Do you get angry at your friends? Honestly, I can't recall a time when I was angry with a friend for more than... an hour.
Or maybe I've so deviously relegated people who piss me off often into the group I call acquaintances.
Sigh, so what do you do when your friend gets mad at you? Sometimes I really don't think I'm in the wrong and the whole habit of appeasement seems to be getting on my nerves.
Why do I not reserve the right to flare up and throw threats? Is it because I'm aware of the consequences which can follow? That's not a very good reason either is it, since... It feels like I'm staving the harsh words for my own benefit... and not in their interest.
Sigh, what's this?
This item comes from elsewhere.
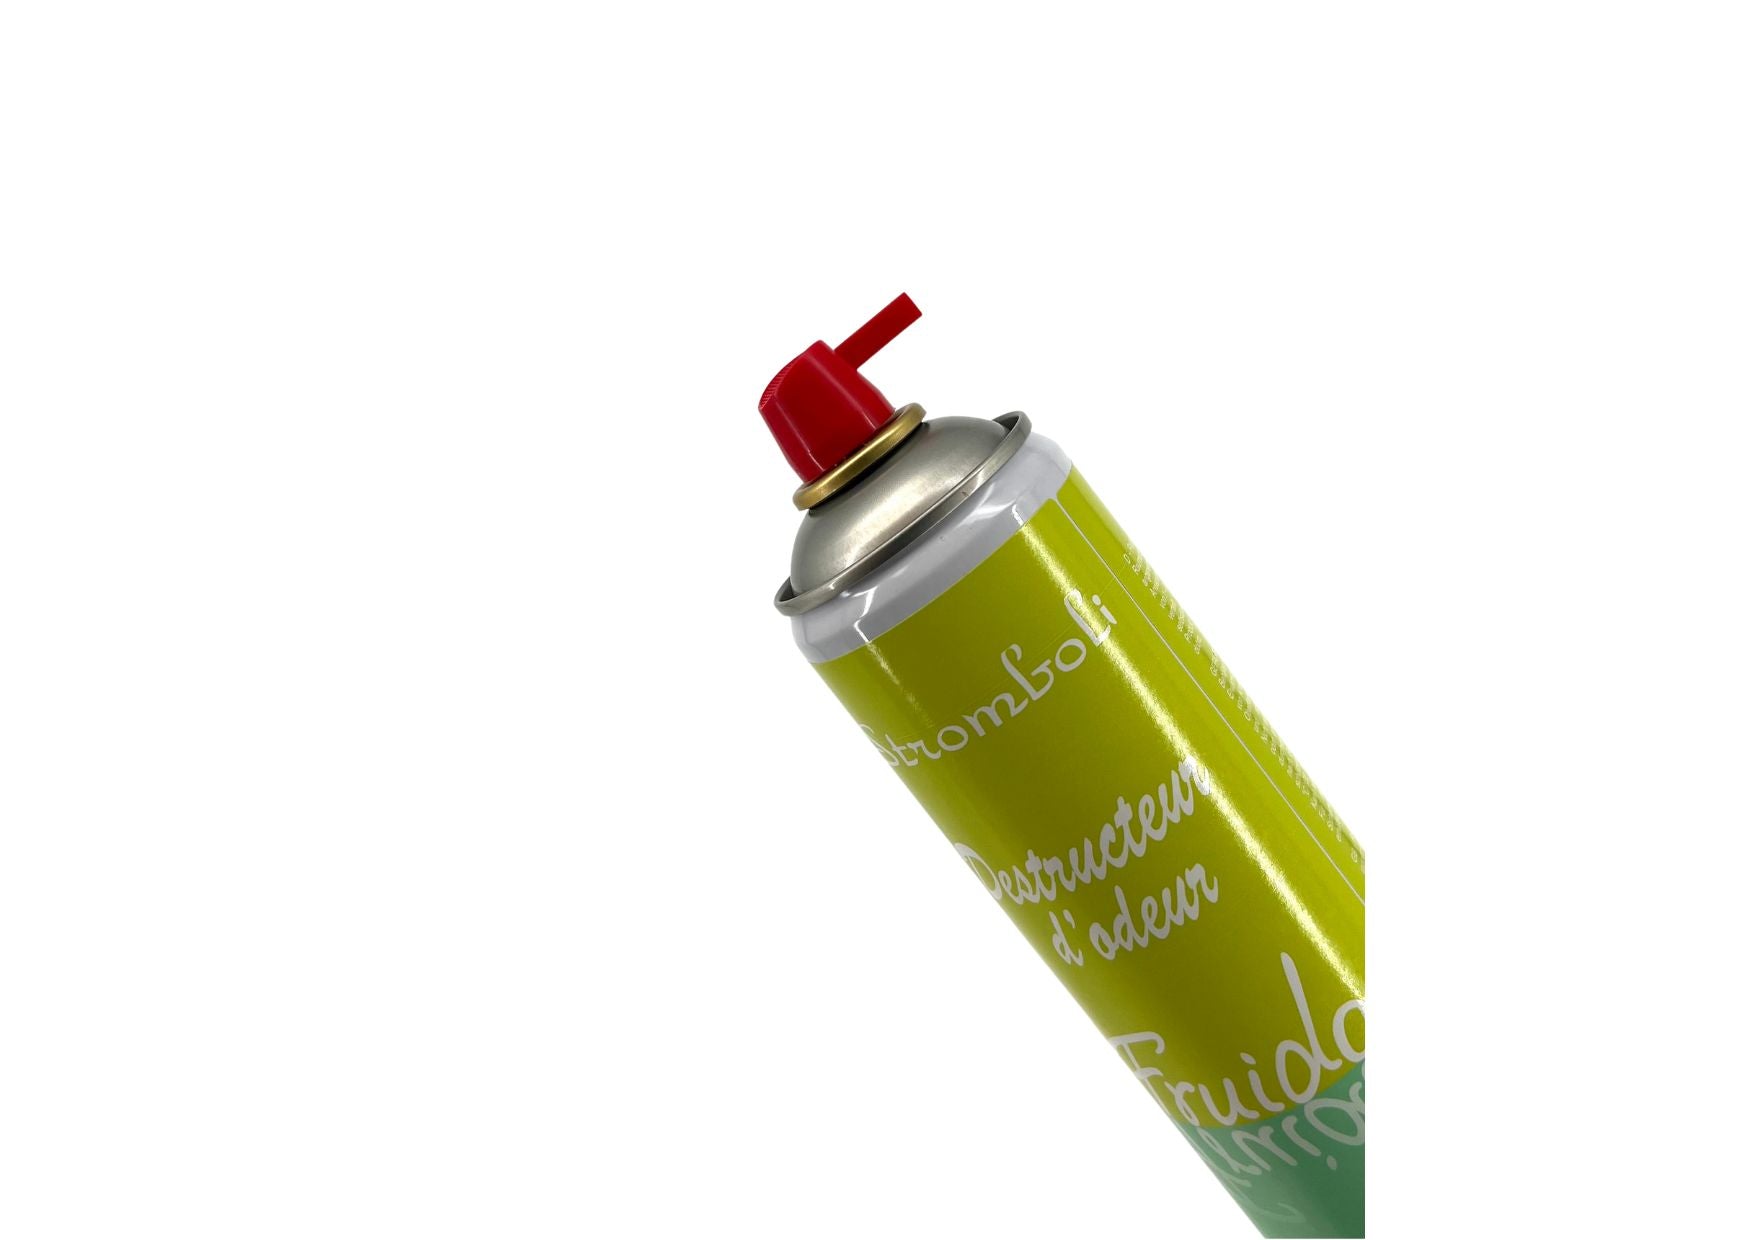 Dobro Stromboli Verveine odor eliminator spray

Who bothers to think about these things? I don't know. But my walk in life tells me that thinking in this manner keeps me most human- other people don't need it, they feel compelling enough without it.
Or maybe they do think about it, but never thought aloud. It calls to mind something my friend once said.
She chided me for robbing the meaning in certain things when I went and spelled them out. Maybe I shouldn't think aloud so much... maybe the unease bottled thoughts bring are but a signal of the mark of approval.. that I'm fighting and resisting this wretched soul with its wicked intentions... that I am actually doing the right thing for once.
I don't know, I don't want to congratulate myself or anything.
Let me say this once and let me say this well:
let me say it once and say it well.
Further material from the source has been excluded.